Very standard result 1: If you have coequalizers and arbitrary coproducts, then you have all colimits.

Very standard result 2: Presheaves are colimits of representables.

Let $\mathcal{I}$ be a filtered category and $D : \mathcal{I}\to[S^{op},\mathbf{Set}]$. Similarly, let $\mathcal{J}$ be a finite category (i.e. a finite number of arrows) and $D' : \mathcal{J}\to[S^{op},\mathbf{Set}]$. I'll use (co)end syntax for (co)limits because it provides a nice binding syntax, but I'm not actually using any (proper) (co)ends.

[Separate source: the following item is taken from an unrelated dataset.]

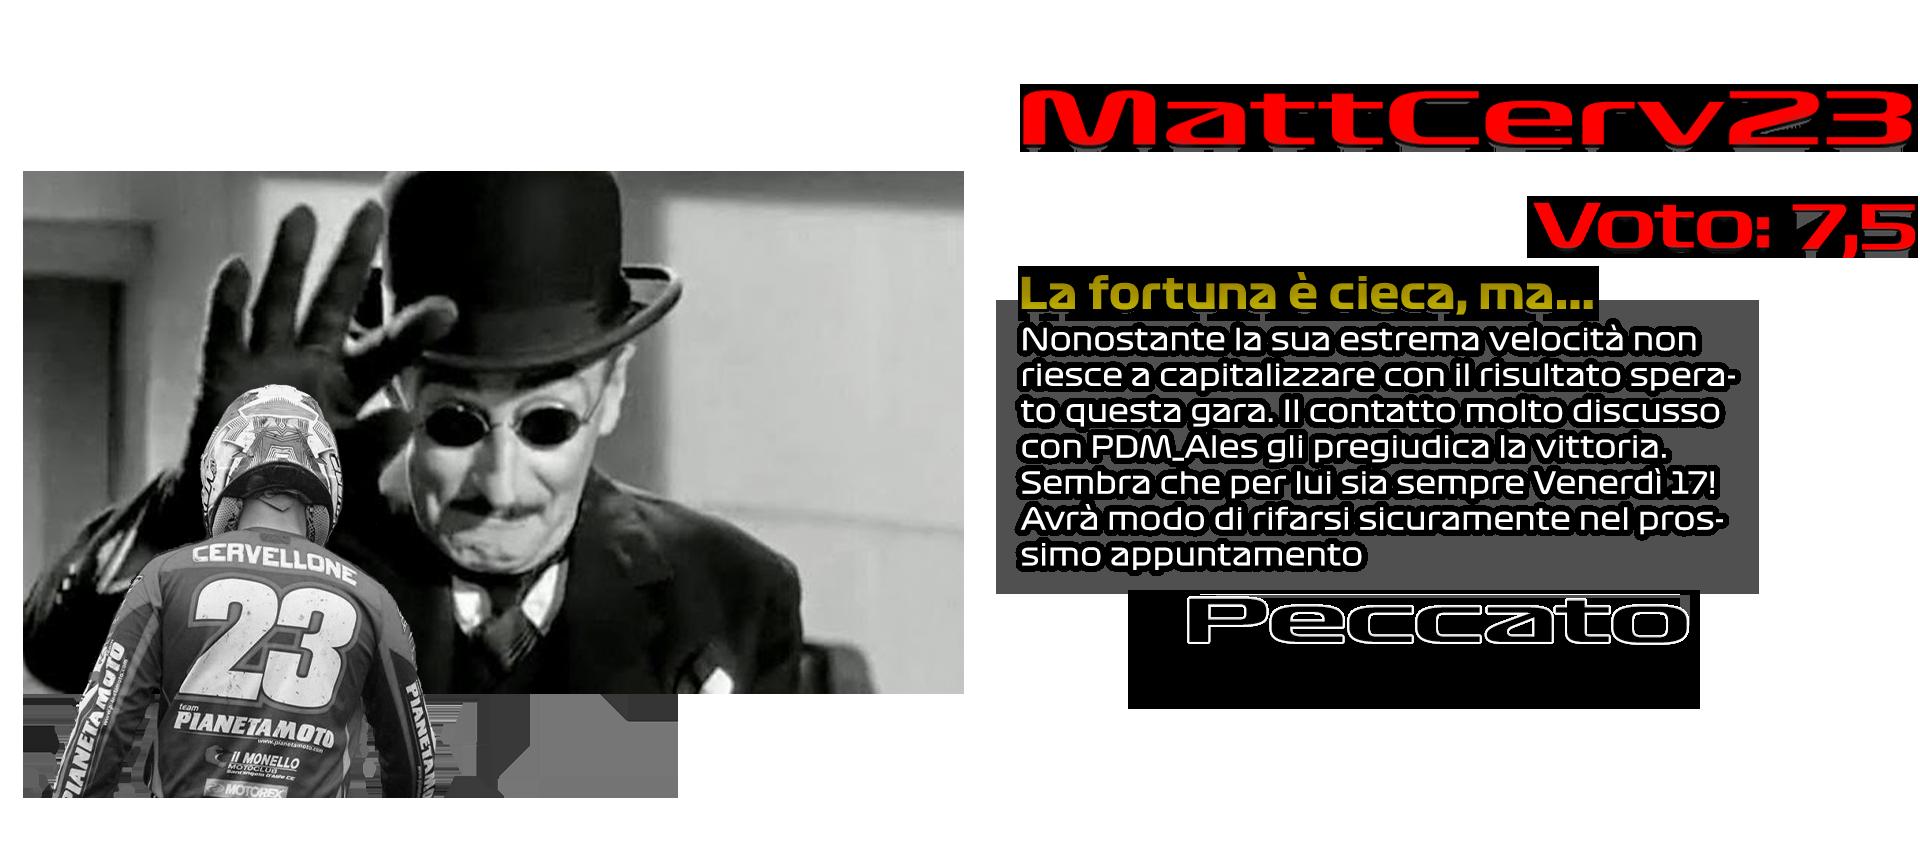 Garetta stasera random GT6-4-mattcerv-png

  1. Representables are compact: $$\begin{align} \mathsf{Nat}\left(\mathsf{Hom}(-,X),\int^{I\in\mathcal{I}}D(I)\right) & \cong \left(\int^{I\in\mathcal{I}}D(I)\right)\!(X) \\ & \cong\int^{I\in\mathcal{I}}D(I)(X) \\ & \cong\int^{I\in\mathcal{I}}\mathsf{Nat}(\mathsf{Hom}(-,X),D(I)) \end{align}$$
  2. Finite colimits of compact objects are compact: $$\begin{align} \mathsf{Nat}(\int^{J\in\mathcal{J}}D'(J),\int^{I\in\mathcal{I}}D(I)) & \cong \int_{J\in\mathcal{J}}\mathsf{Nat}\left(D'(J),\int^{I\in\mathcal{I}}D(I)\right) \\ & \cong \int_{J\in\mathcal{J}}\int^{I\in\mathcal{I}}\mathsf{Nat}(D'(J),D(I)) \\ & \cong \int^{I\in\mathcal{I}}\int_{J\in\mathcal{J}}\mathsf{Nat}(D'(J),D(I)) \\ & \cong \int^{I\in\mathcal{I}}\mathsf{Nat}(\int^{J\in\mathcal{J}}D'(J),D(I)) \\ \end{align}$$

Thus $\widehat{S}_{fp}$ contains at least the representables and finite colimits of them, and thus coequalizers and finite coproducts. We can get arbitrary colimits, and thus all presheaves, via a filtered colimit of finite coproducts and coequalizers.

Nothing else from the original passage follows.